PR 4 # 33 -- The last puzzle from this series
 

Prove that the product of 4 consecutive positive integers cannot be a perfect square.

[spoiler] one of the numbers is divisible by 4 and one by 2. 8 is not a perfect square. [/spoiler]

Another question. Is there a value n, n>2, such that the product of n consecutive integers is a perfect square.

[QUOTE=Citrix]one of the numbers is divisible by 4 and one by 2. 8 is not a perfect square.[/QUOTE]
What prevents the "multiple of 4" from being a multiple of 8?

[QUOTE=Citrix][spoiler] one of the numbers is divisible by 4 and one by 2. 8 is not a perfect square. [/spoiler]

Another question. Is there a value n, n>2, such that the product of n consecutive integers is a perfect square.[/QUOTE]
Yes, and [i]n[/i] can be arbitrarily large. Any range which includes zero satisfies the problem as stated.

Paul

Axn1, you are right, I did not think of that.

Xilman, if you do not include zero, what t!/(t-n)! can ever be a prefect square?

[spoiler]
n*(n+1)*(n+2)*(n+3) = n^4 + 6*n^3 + 11*n^2 + 6*n

((n+1)*(n+2)-1)^2 = n^4 + 6*n^3 + 11*n^2 + 6*n + 1

So, we need two perfect squares with a difference of 1. 0 and 1, anyone?
[/spoiler]

[QUOTE=Wacky]Prove that the product of 4 consecutive positive integers cannot be a perfect square.[/QUOTE]

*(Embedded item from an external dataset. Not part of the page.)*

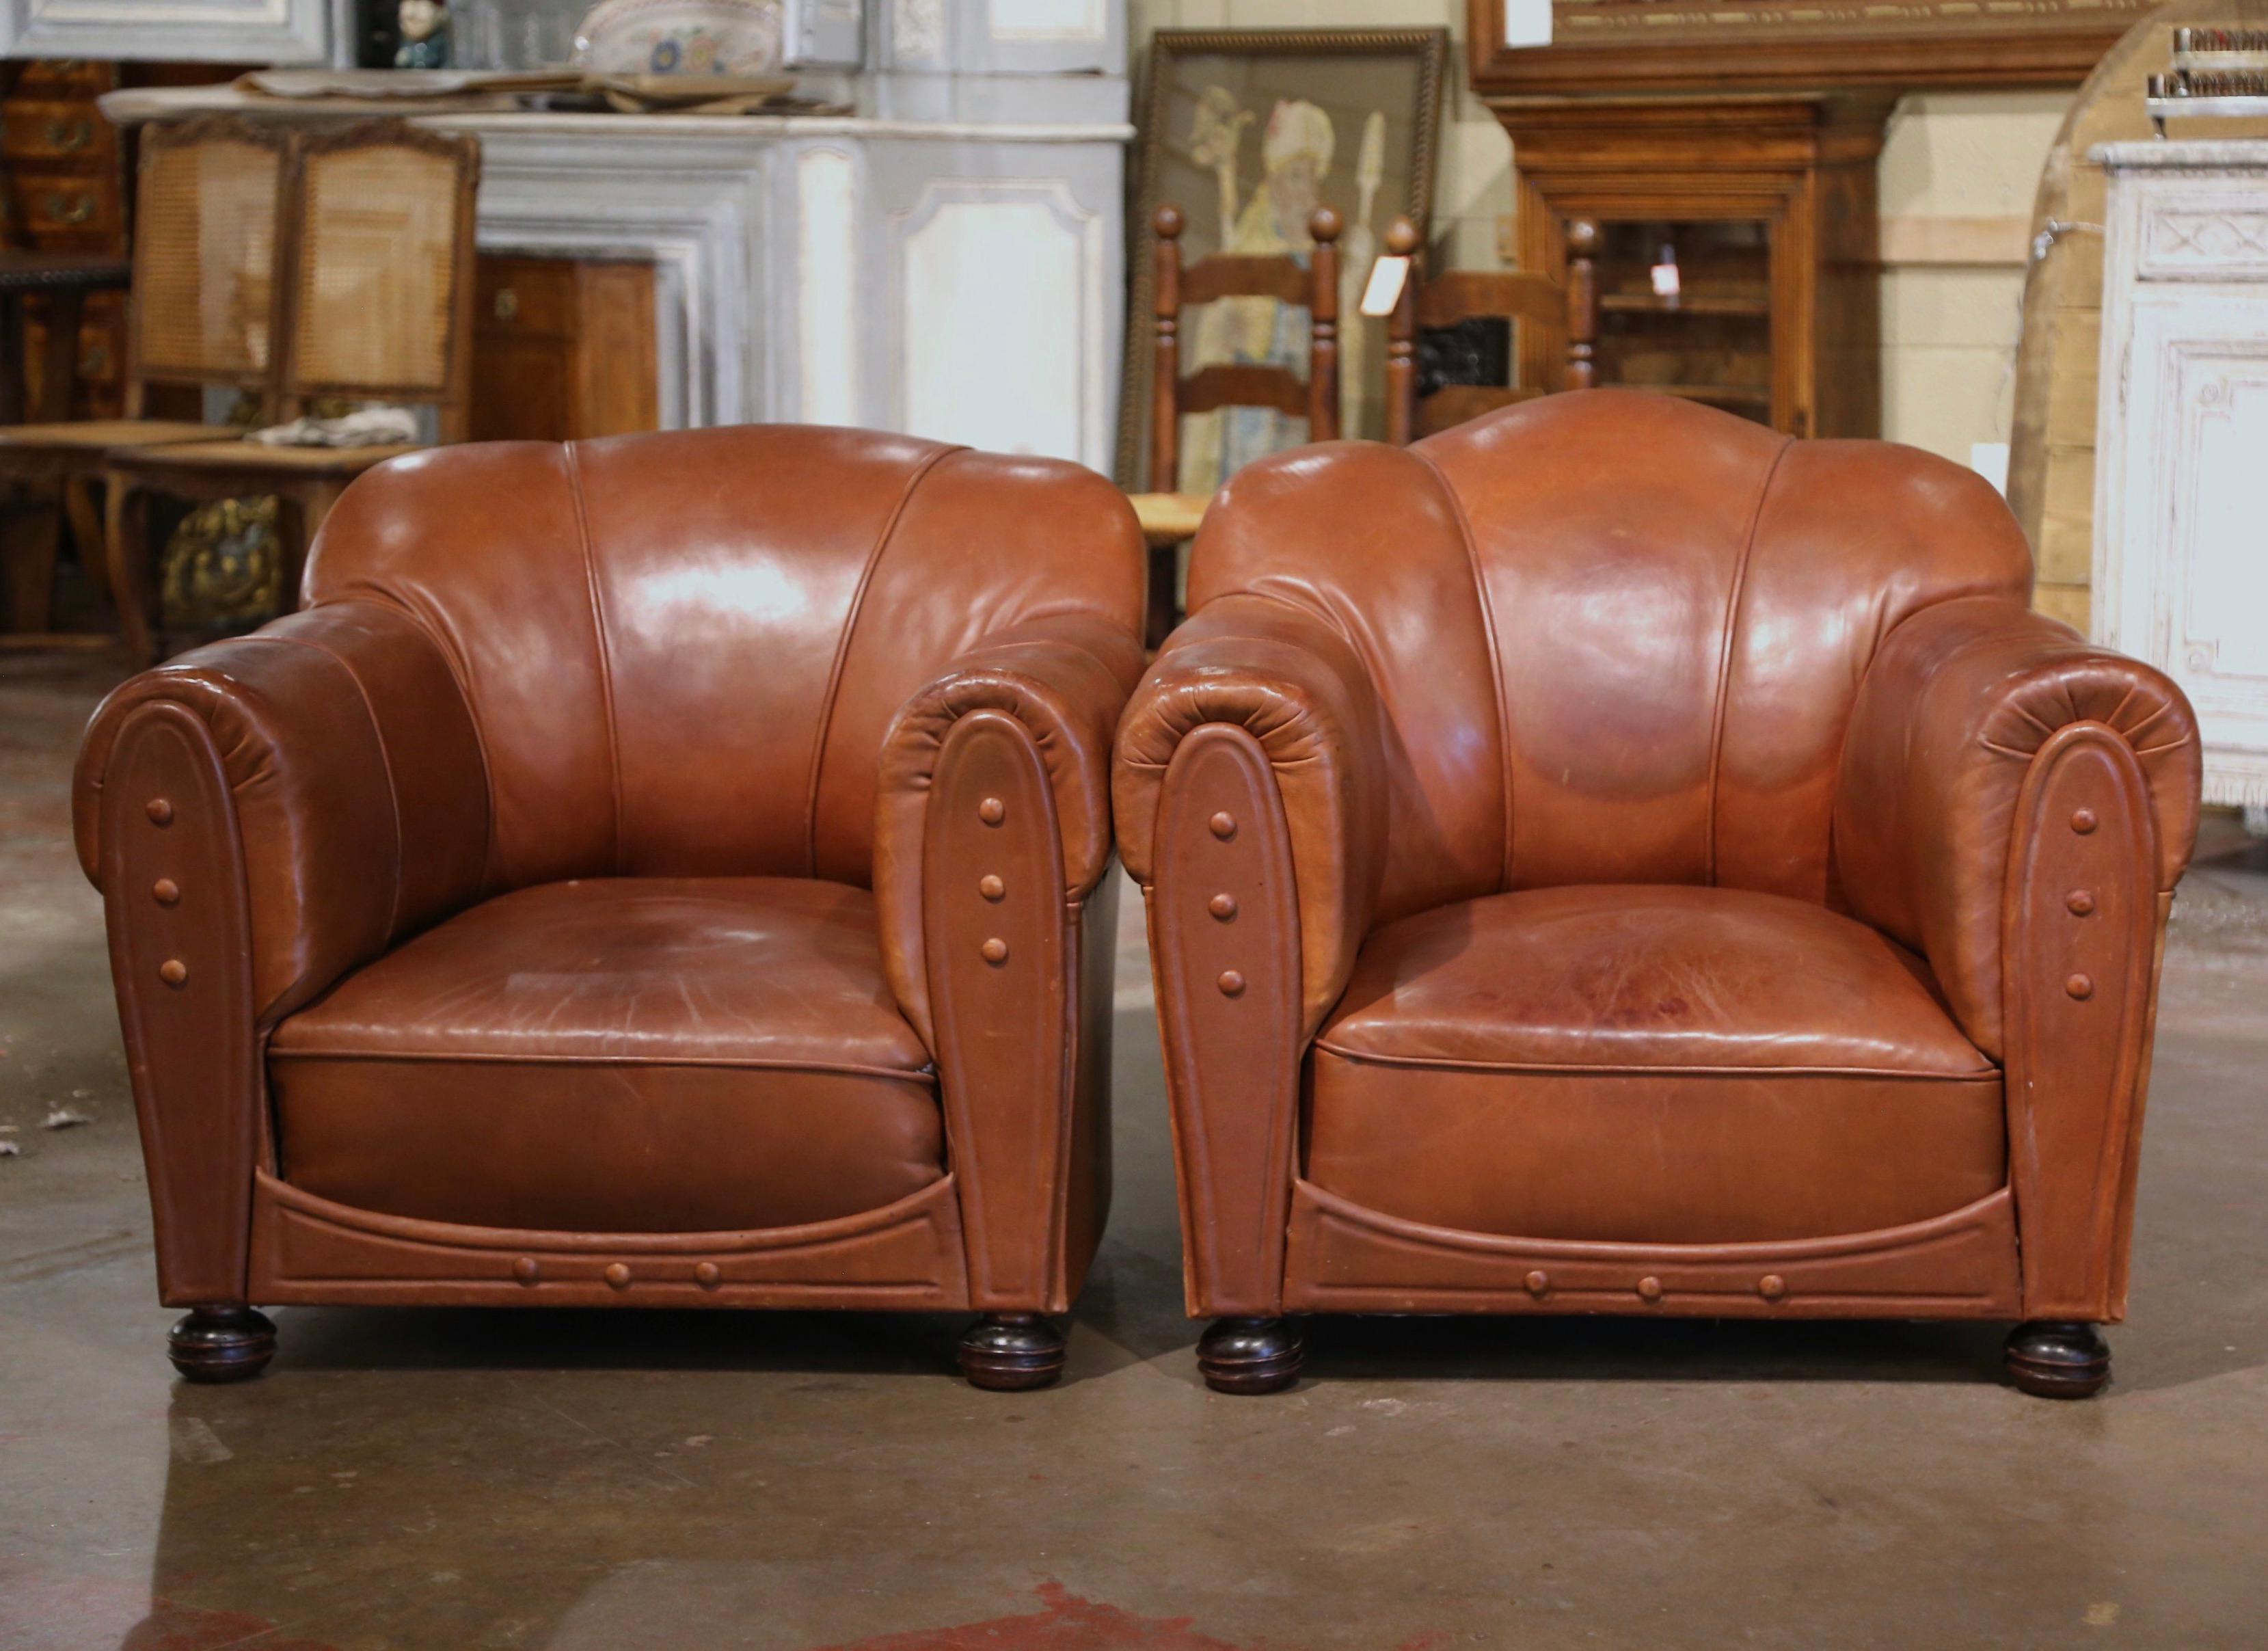 Ces confortables fauteuils club anciens de style Art déco ont été fabriqués en France, vers 1930. Ces chaises imposantes et masculines sont dotées d'accoudoirs larges et arrondis, d'un dossier arqué et festonné, de pieds en bois ronds à l'avant et

[spoiler]There are two cases: 1*2*3*4 = 24 (which is not square) and the rest:

Since the difference between any member of this set is not greater than 3, the gcd of two of these numbers cannot be greater than 3.

This means that any prime factor greater than 3, can appear only in one number of the set. It is possible that this prime factor can appear twice (or even number of times) in a particular number, but since there is at most one square number inside the set, there must be a prime > 3 that appear an odd number of times in a member of the set and does not appear in the other members of the set.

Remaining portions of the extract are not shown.